To find the null space of matrix A, we want to find all the solutions to the equation Ax=0. Write down the augmented matrix by putting the right side to 0 and then perform row operations to obtain the row echelon form: \[ \left[\begin{array}{cc|r}2 & -1 & 0 \\ -4 & 2 & 0 \end{array}\right] \rightarrow \left[\begin{array}{cc|r}1 & -\frac{1}{2} & 0 \\ 0 & 0 & 0 \end{array}\right] \] The second row represents a trivial equation (0=0), so we only need to focus on the first row. The first-row equation is \(x_1 -\frac{1}{2}x_2 = 0\) or \(x_1 = \frac{1}{2}x_2\). Since \(x_1 = \frac{1}{2}x_2\), let \(x_2=t\) for some scalar t. Then \(x_1=\frac{1}{2}t\).

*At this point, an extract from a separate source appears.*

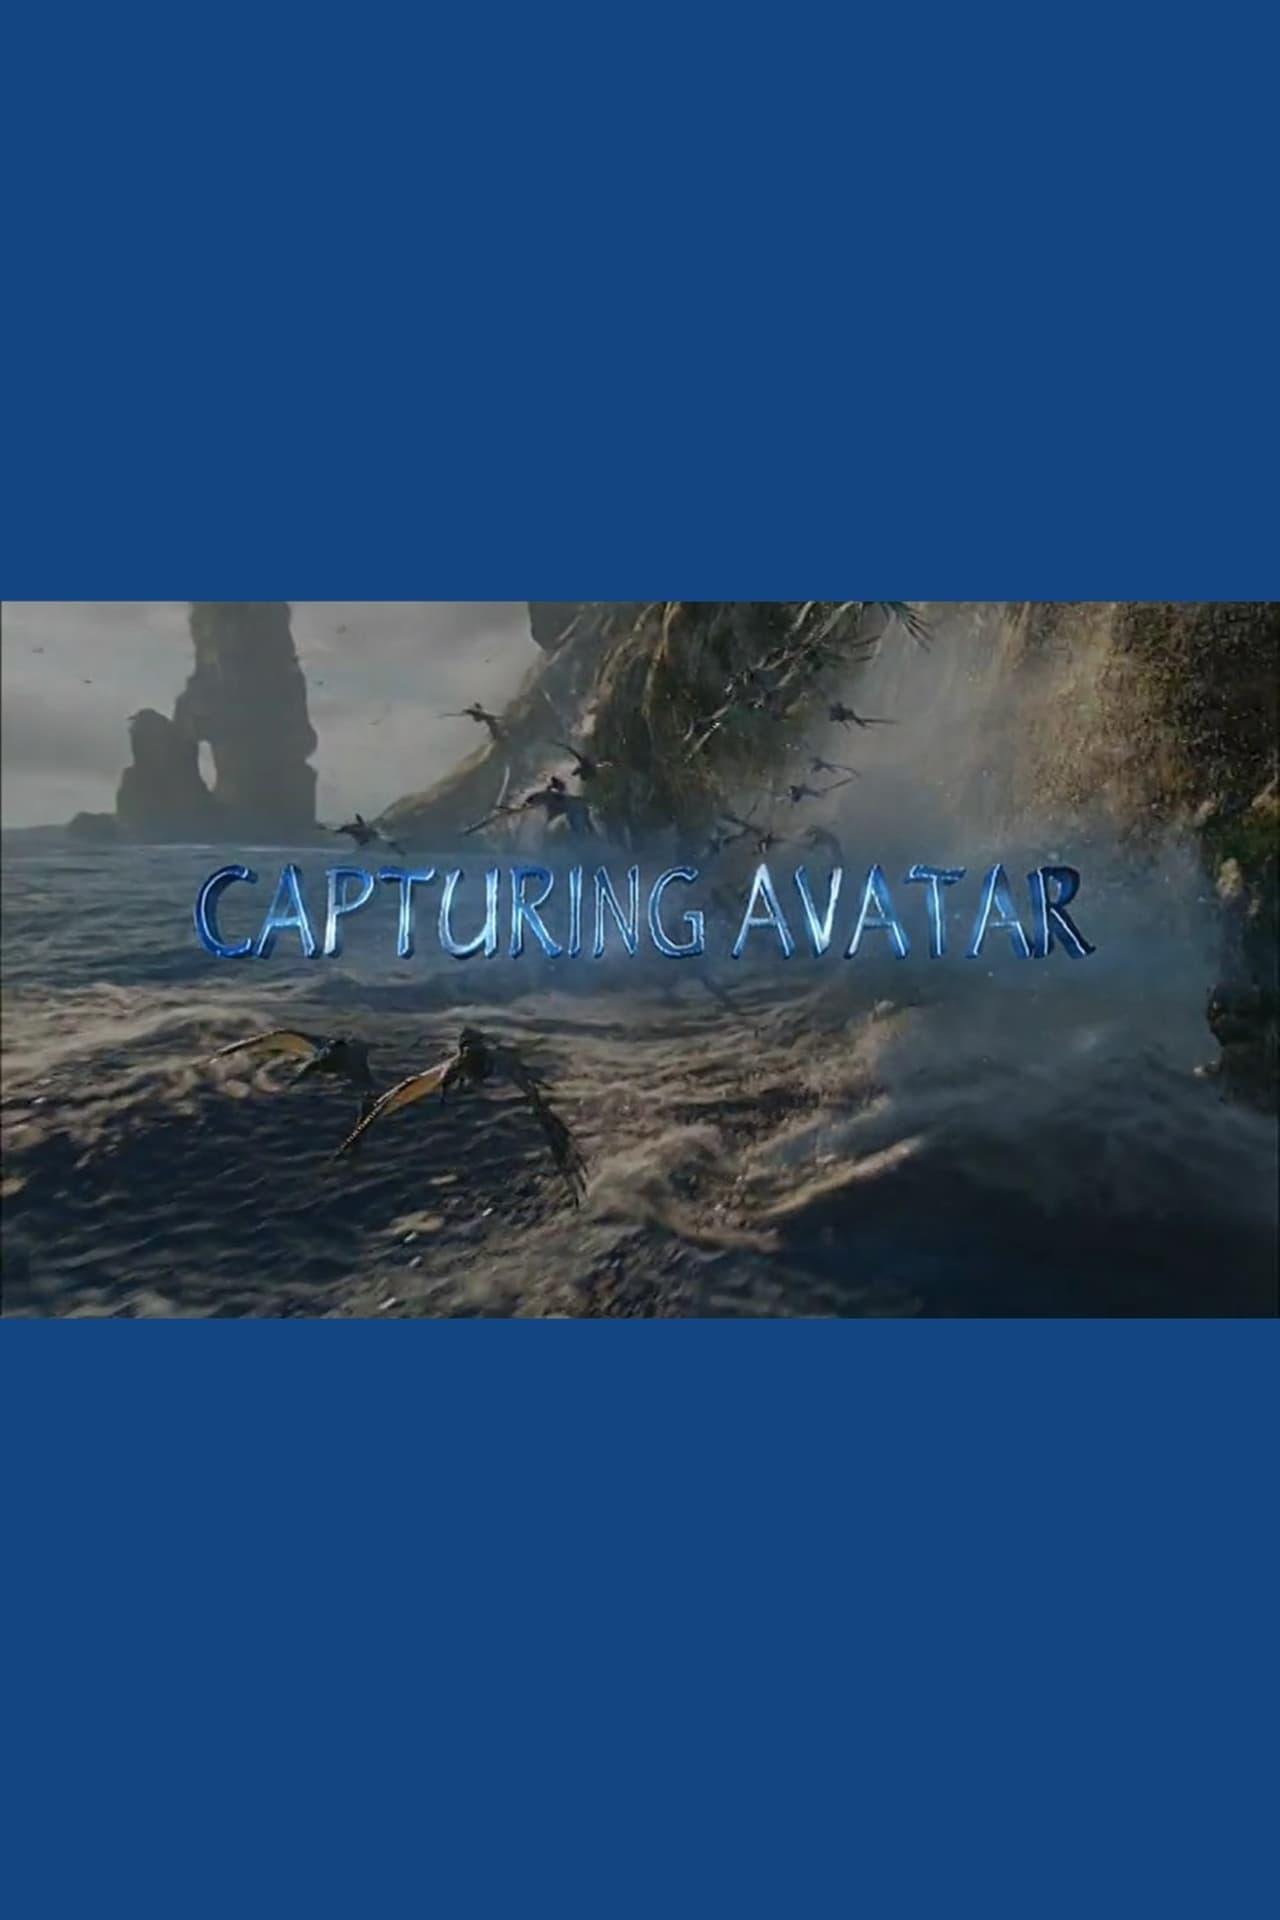 Capturing Avatar

We can write the solution as: \(x=t\left[\begin{array}{c}\frac{1}{2} \\ 1 \end{array}\right]\) Thus, the null space of matrix A is the set of all vectors of the form \(t\left[\begin{array}{c}\frac{1}{2} \\ 1 \end{array}\right]\), where t is any scalar.

To calculate the rank of matrix A, find the number of linearly independent rows in the row echelon form: \[\left[\begin{array}{cc}1 & -\frac{1}{2} \\ 0 & 0 \end{array}\right]\] There is only 1 linearly independent row, so rank(A) = 1.

The Rank-Nullity Theorem states that the rank(A) + nullity(A) = number of columns in A. In this case, the number of columns in A is 2. Calculate the nullity of A: nullity(A) = number of columns in A - rank(A) = 2 - 1 = 1 So, the nullity of A is 1. Now, verify that rank(A) + nullity(A) = number of columns in A: 1 + 1 = 2 Since the left side equals the right side, the Rank-Nullity Theorem holds true for this matrix A.